【取材の裏側 現場ノート】パリ五輪開幕まで100日を切った。開会式はセーヌ川が舞台で、約1万人の選手が船に乗って下るユニークなもの。一方でテロの懸念もあり、代替案も出されている。

 五輪の開閉会式は長時間に及ぶ。これまでさまざまな大会の式典を見たが、最も飽きなかったのは、2012年ロンドン五輪だ。忘れられないのは開会式での一場面。会場の大型ビジョンにダニエル・クレイグ扮する「007」のジェームズ・ボンドがバッキンガム宮殿を訪問する場面が映し出される。

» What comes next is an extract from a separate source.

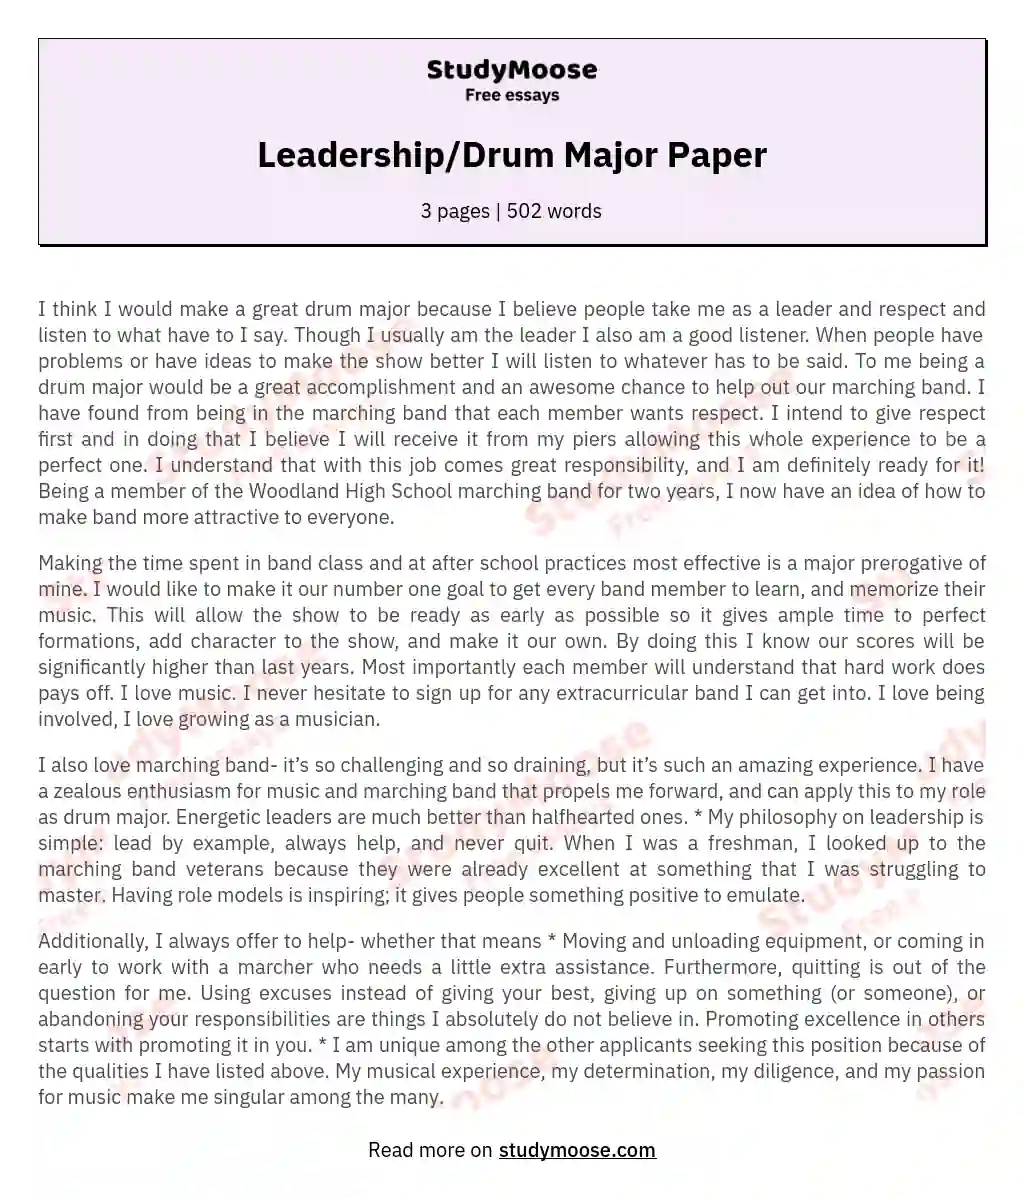 Elevating Excellence: My Vision as a Drum Major essay
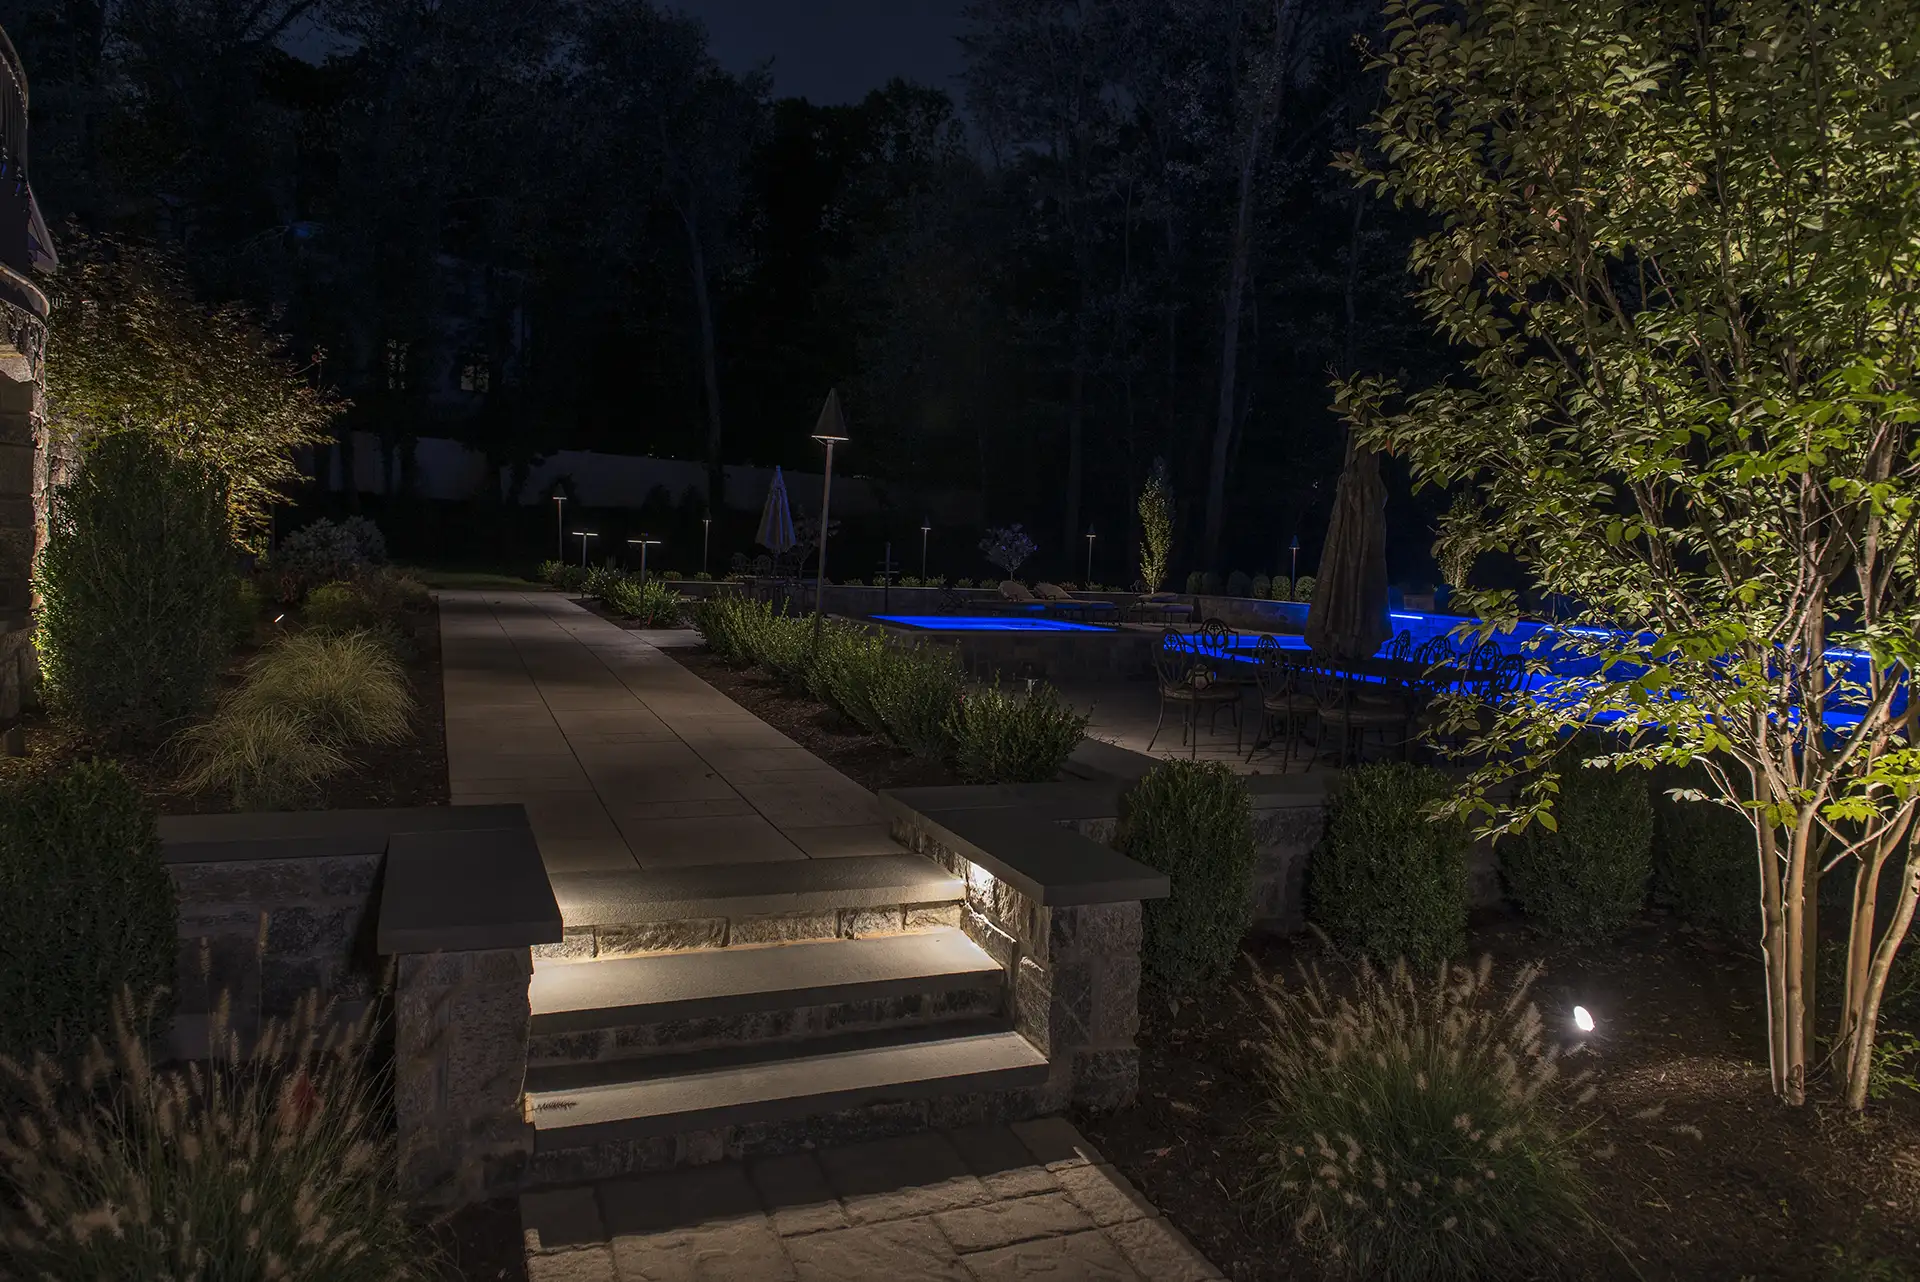 Prioletti residence image 5 back walkway path lighting Lighthouse Outdoor Lighting and Audio Vail CO

 ボンドはエリザベス女王を開会式会場までエスコートする任務を請け負っており、両者はヘリコプターに乗ってロンドンの名所を通過しながら会場へ向かう。すると実際に、会場上空にヘリコプターが出現するではないか。「え〜!」と驚いていると、女王とボンド(実際はスタントマン)がパラシュートで落下。会場の貴賓席に本物の女王が姿を現し、大歓声に包まれた。

 英国オリンピック委員会はエリザベス女王が22年に死去した際に、この演出のエピソードを公開。女王の役はそっくりさんが務めることを前提にバッキンガム宮殿に許可を求めたところ「こんばんは、ボンドさん」というセリフを言うことを条件に女王自身が出演を希望したそうだ。

 記者の周囲でスポーツにはさほど関心がない人でも「あのボンドとエリザベス女王の場面は覚えている」という声もある。また、閉会式でもスパイスガールズやワン・ダイレクションが登場して熱演。いずれもロンドンという都市をアピールする魅力的な式典だった。

 今夏、セーヌ川での開会式が実現すれば、競技場以外での開会式は史上初の試みになるそうだ。場所はどこであれ、誰もが楽しめる、平和な式典を望む。